Huge Govt borrowing are positives

  • Sandeep Bamzai, PTI
  • |
  • Updated: May 04, 2005 12:18 IST

Did the May 3 overhang of the Federal Reserve hiking interest rates again have anything to do with a tame policy announcement?
Interest rate movements in India are a function of domestic and external factors. And let me add Indian policy is domestic factor dominant and external factor relevant. The United States is adjusting and these actions are considerably factored into the Indian policy. However, over the last two years one finds that global factors are increasingly becoming relevant.

The domestic factors on the supply side that continue to matter are the infrastructural bottlenecks and impact of the oil shock. At the same time, foodstocks and large forex reserves provide the necessary cushion. Against this, on the demand side, the enormous government borrowing programme and pick-up in the credit growth are positives.

Then what was driving your agenda this time?
Under the circumstances, I think liquidity management was the critical issue. This was done to accommodate credit growth and investment demand as well as the large government borrowing programme. It has to be consistent with the macroeconomic and price stability environment which is triggered through liquidity management, provided that inflationary expectations and the future course of interest rates are stable.

So much hullabaloo has been made over the need to check capital flows, particularly your speech which created a panic of sorts...
The speech that I gave highlighted an analytical point of view. There is a difference between analysis and policy formulation. I don't see capital flows reversing because they are a function of India's strong economic fundamentals and also the global interest rate environment.The strength of invisibles and remittances, along with the resilience of the external sector should see this situation persist for sometime.

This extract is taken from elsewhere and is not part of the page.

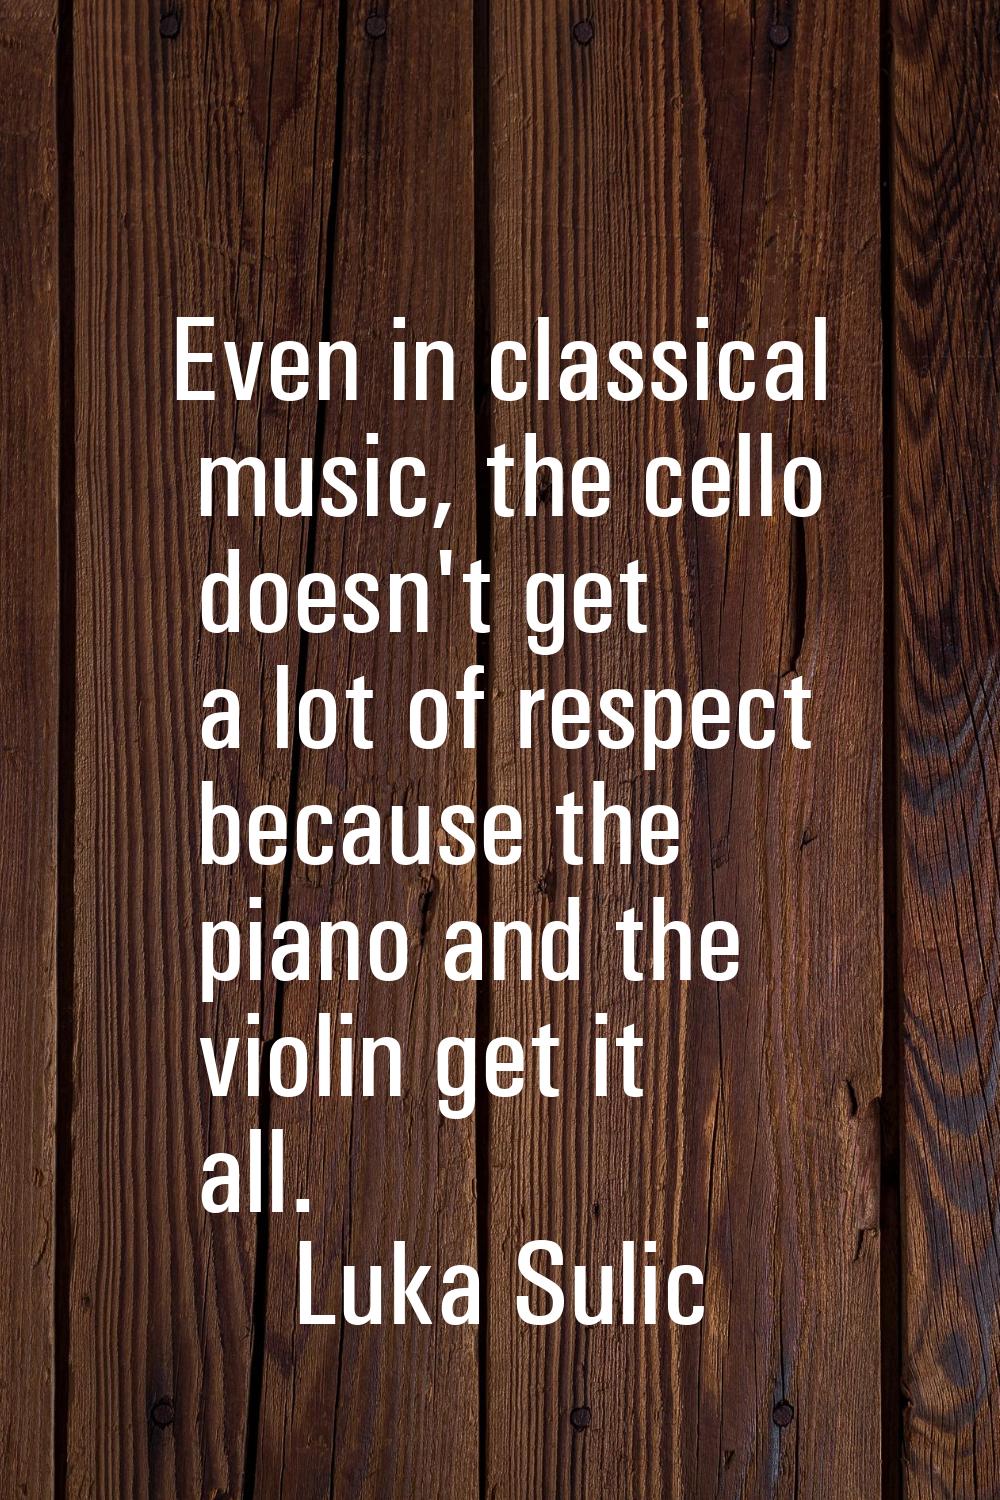 Even in classical music, the cello doesn't get a lot of respect because the piano and the violin ge

We have seen one of the longest bull runs in Indian stock market history, do you see the equity cult tapering now to be replaced with an appetite for debt?
I cannot predict what will happen. What I can say, however is that gradually a major turn in interest rates has begun to take place in the US and other parts of the world and the transition has been extremely smooth. In fact the system has absorbed this very well. I would think there is no need to fear instability, either in the equity or debt market. Overall, we seem to have absorbed global risk -whether it is currency, interest rates or oil. It shows off our inherent strength as an economy. My observations are based on considerable analysis and that is why I am optimistic.

Coming up is the Indian Millennium Deposit redemption, I think the figure is in the vicinity of $7 billion. Do you see a blip on your radar?
Oh no, there are plenty of reserves and our liquidity management has been exemplary. We have sufficient expertise, will and skill in management of such events. Remember that we tackled a similar exercise in the Resurgent Indian Bonds episode which was to the tune of $5.5 billion. This is a different age that we live in. The Indian economy has matured like old wine.